Сведения о путешествиях Скварчоне не основываются на достоверных документах. Однако они вполне вероятны.
[Закрыть]. Его мастерской было суждено воспитать целое поколение североитальянских живописцев; и она является первым прообразом будущих художественных академий. Сам Скварчоне отнюдь не обладал большим художественным талантом; «Мадонна», подписанная его полным именем и хранящаяся теперь в берлинском музее, не говорит и о каких-либо сильных античных реминисценциях. В профильном положении мадонны позади балюстрады, в движении ребенка и в атрибутах – канделябре и гирляндах – скорее, сказывается влияние рельефов Донателло. Но, очевидно, Скварчоне был выдающимся педагогом, и его археологический энтузиазм заражал всех, приходивших с ним в соприкосновение. По словам старых авторов, более ста учеников, не только падуанцев, не только уроженцев соседней Венеции или Феррары, но также приезжих из отдаленных городов Ломбардии, работало в мастерской Скварчоне, развивая свой новый, «антиготический» стиль изучением и копированием памятников античной скульптуры. Однако нужно иметь в виду, что этот археологический энтузиазм падуанской школы сильно отличался от того возрождения античности, которое вдохновляло римских и флорентийских художников. Флорентийские реформаторы ставили своей целью проникновение в самую сущность античного художественного мировоззрения, стремились усвоить себе классические принципы и приемы подхода к натуре, тогда как школа Скварчоне в пылу увлечения скульптурными памятниками античности перенесла и в натуру и в живопись пластическую твердость античных статуй, весь мир стала видеть в неподвижной каменной застылости. Это окаменение натуры и является главной отличительной особенностью падуанской живописной школы кватроченто.
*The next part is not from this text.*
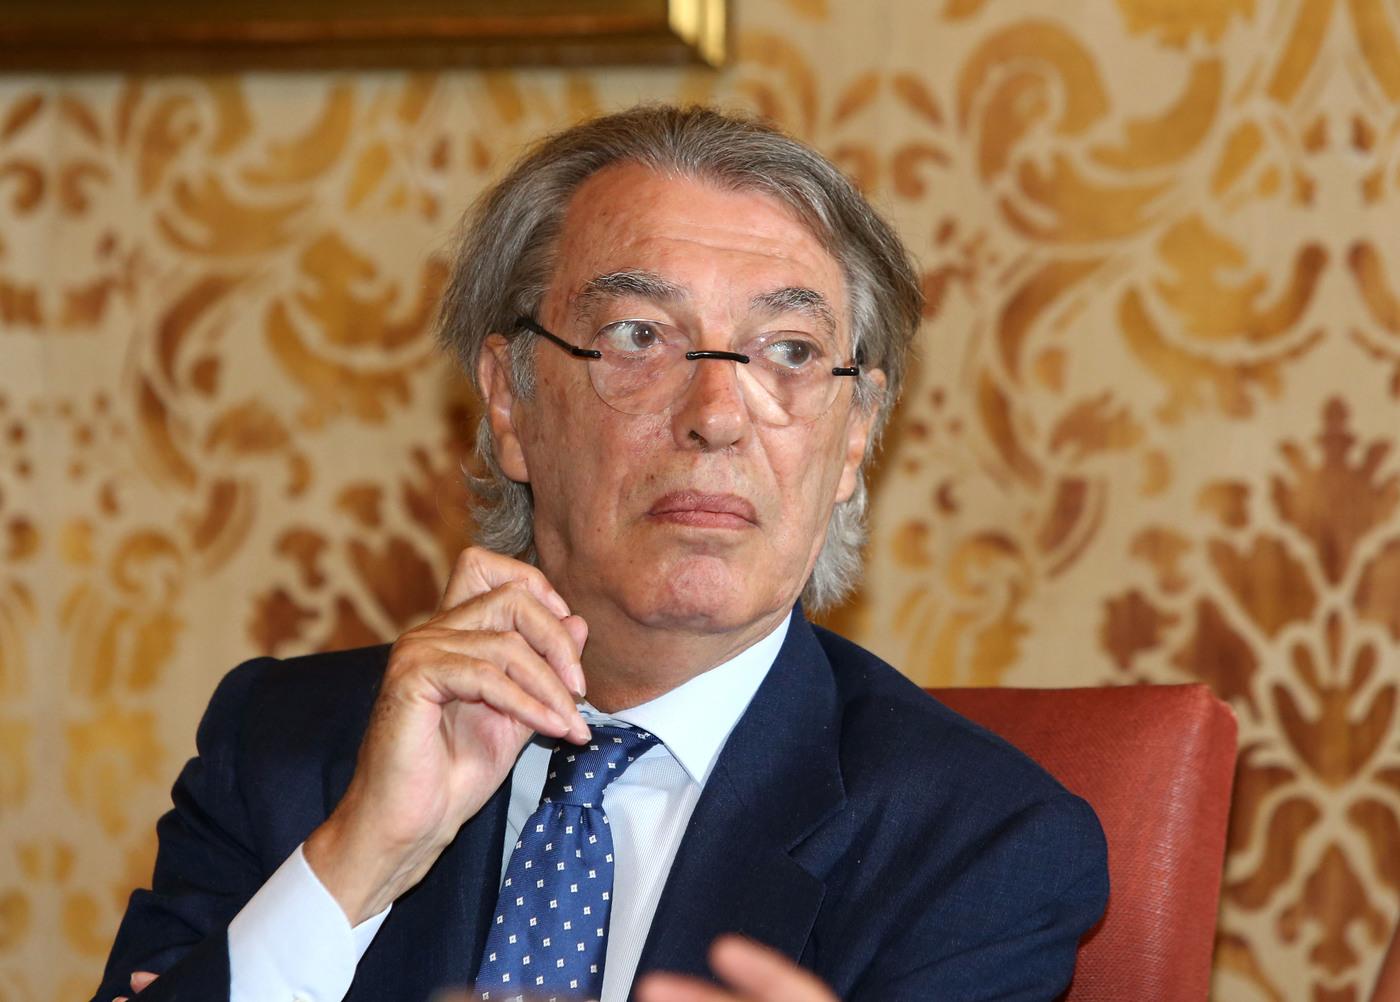 Bellugi, Moratti: Sembrava uscito dal problema, teneva su morale di tutti

Если Скварчоне мог дать только идейный толчок новому художественному направлению, то воплотить новые идеи в живописную форму удалось гениальному ученику Скварчоне – Андреа Мантенья, который для Северной Италии играет ту же роль, что Мазаччо для Флоренции. Андреа Мантенья до самого конца жизни подписывался на своих работах: «падуанец». На самом же деле он не был родом из Падуи, и большая часть его деятельности протекала в Мантуе, при дворе тамошних герцогов Гонзага. Но в Падуе Мантенья провел свою молодость, здесь получил художественное воспитание, и здесь сложился его своеобразный кристально-твердый стиль. Андреа Мантенья родился в 1431 году в местечке Изола ди Картуро и умер в 1506 году в Мантуе. Из документов известно, что Мантенья был записан в цех живописцев, когда ему исполнилось всего десять лет, это, даже в Италии Ренессанса, – небывало раннее развитие. Помимо Скварчоне и флорентийских художников важное значение в сложении стиля Мантеньи имела еще его дружба с венецианским художником Якопо Беллини, на дочери которого, Николозе, Мантенья впоследствии женился. Немногочисленные дошедшие до нас картины Якопо Беллини свидетельствуют, что он не был крупным живописцем. Тем большее значение Якопо Беллини имеет как рисовальщик. Хранящиеся в Лувре и в Британском музее альбомы его рисунков показывают Якопо Беллини как неутомимого путешественника, постоянно заносящего в свои альбомы путевые впечатления – незнакомые местности, странных животных, толпу на городской площади, лестницы и дворы величественных зданий. Типичный образец рисунков Якопо Беллини (из луврского альбома) – «Поклонение волхвов». Сюжет дает только повод, чтобы изобразить какие-то странные строящиеся здания, затейливые контуры гор, всякого рода зверей и длинную процессию всадников, спускающихся по отвесным, извилистым тропинкам. Для рисунков Якопо Беллини характерны новые, очень маленькие пропорции фигур по сравнению с архитектурой, создающие впечатление изображения, как будто бы сделанного с очень большого отдаления. И этот иллюзорный характер пространства на рисунках Якопо Беллини и весь обширный репертуар его образов, как светских, так и религиозных, сыграли весьма важную роль в развитии стиля Мантеньи и всей североитальянской живописи.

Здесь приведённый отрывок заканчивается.